▶ Your instructions: Using the listing below, give again exactly the lines from the line with "韓國平價服飾 激瘦-5kg 九分牛仔褲" to the line with "Maßgefertigtes Reisetaschen Set", inclusive, without the pictures.

▶ Data records:
####

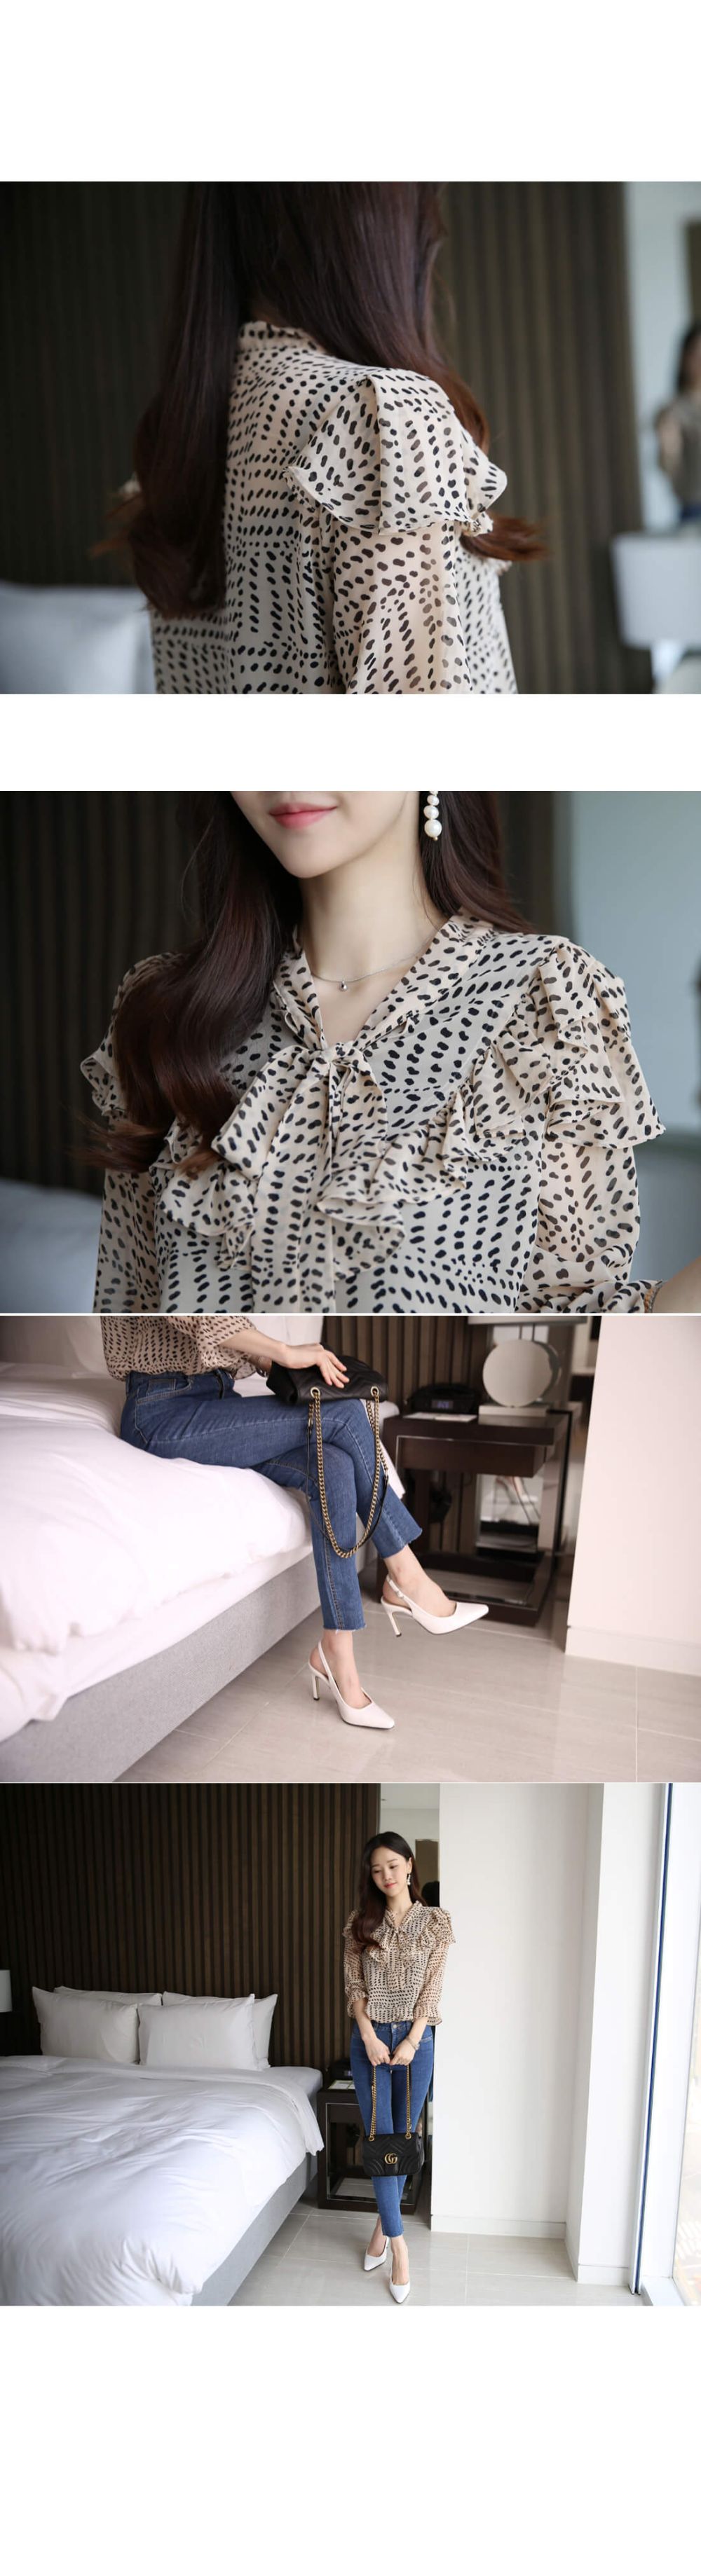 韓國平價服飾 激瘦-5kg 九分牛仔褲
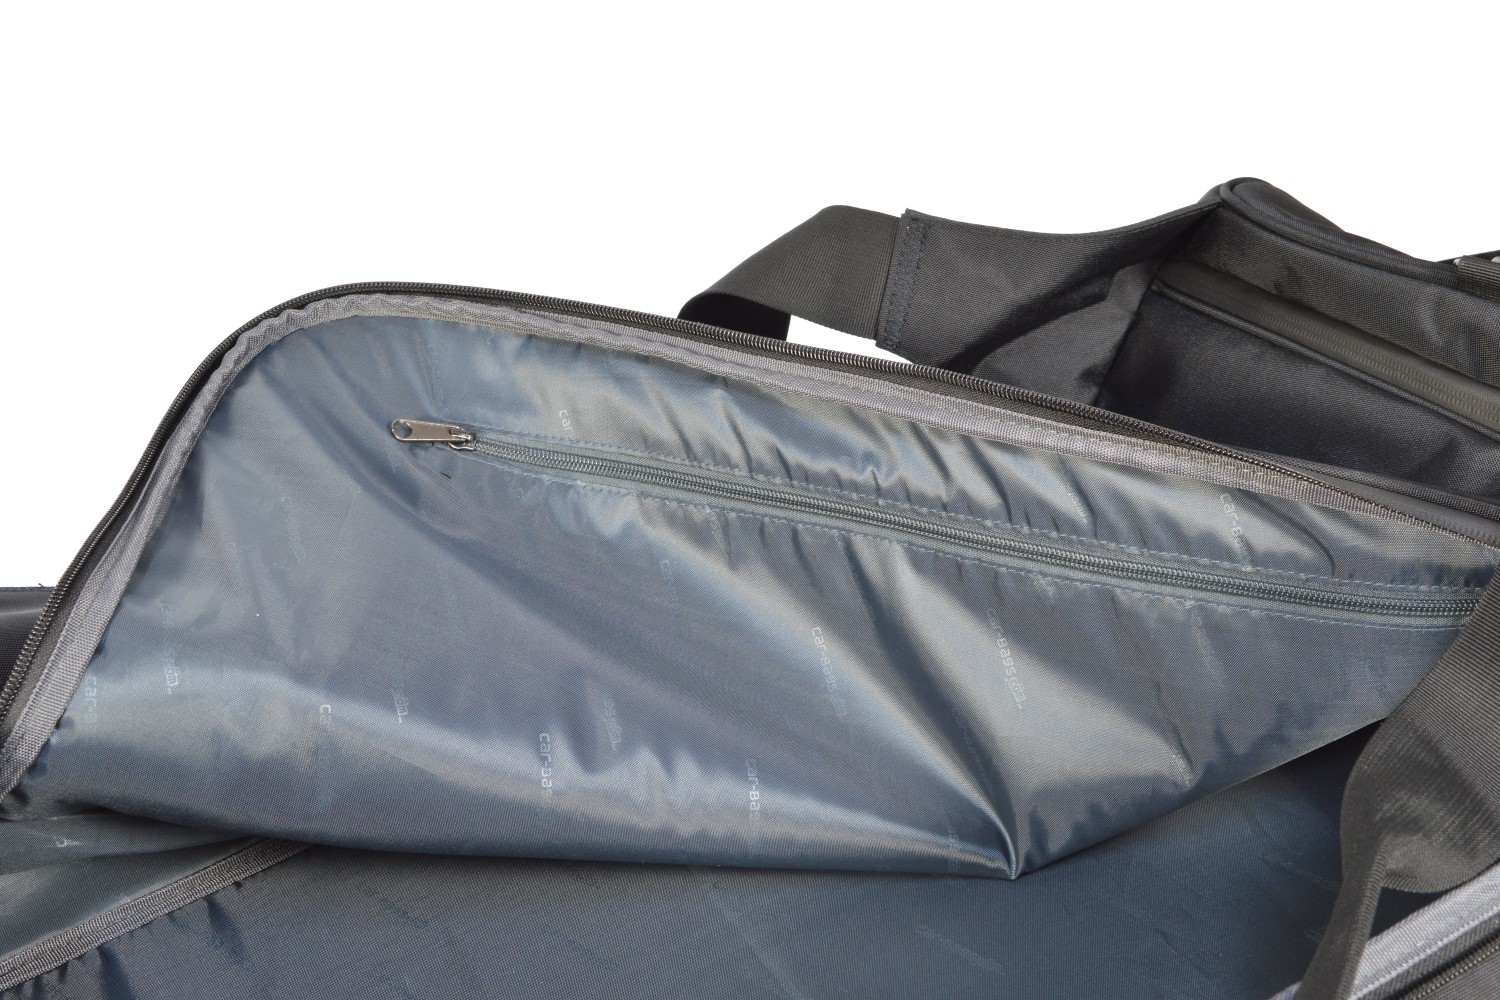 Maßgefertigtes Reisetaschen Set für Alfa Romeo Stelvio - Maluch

####

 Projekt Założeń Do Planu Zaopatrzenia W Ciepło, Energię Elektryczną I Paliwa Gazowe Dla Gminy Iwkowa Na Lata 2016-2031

####

▶ Exercise output:
 韓國平價服飾 激瘦-5kg 九分牛仔褲
 Maßgefertigtes Reisetaschen Set für Alfa Romeo Stelvio - Maluch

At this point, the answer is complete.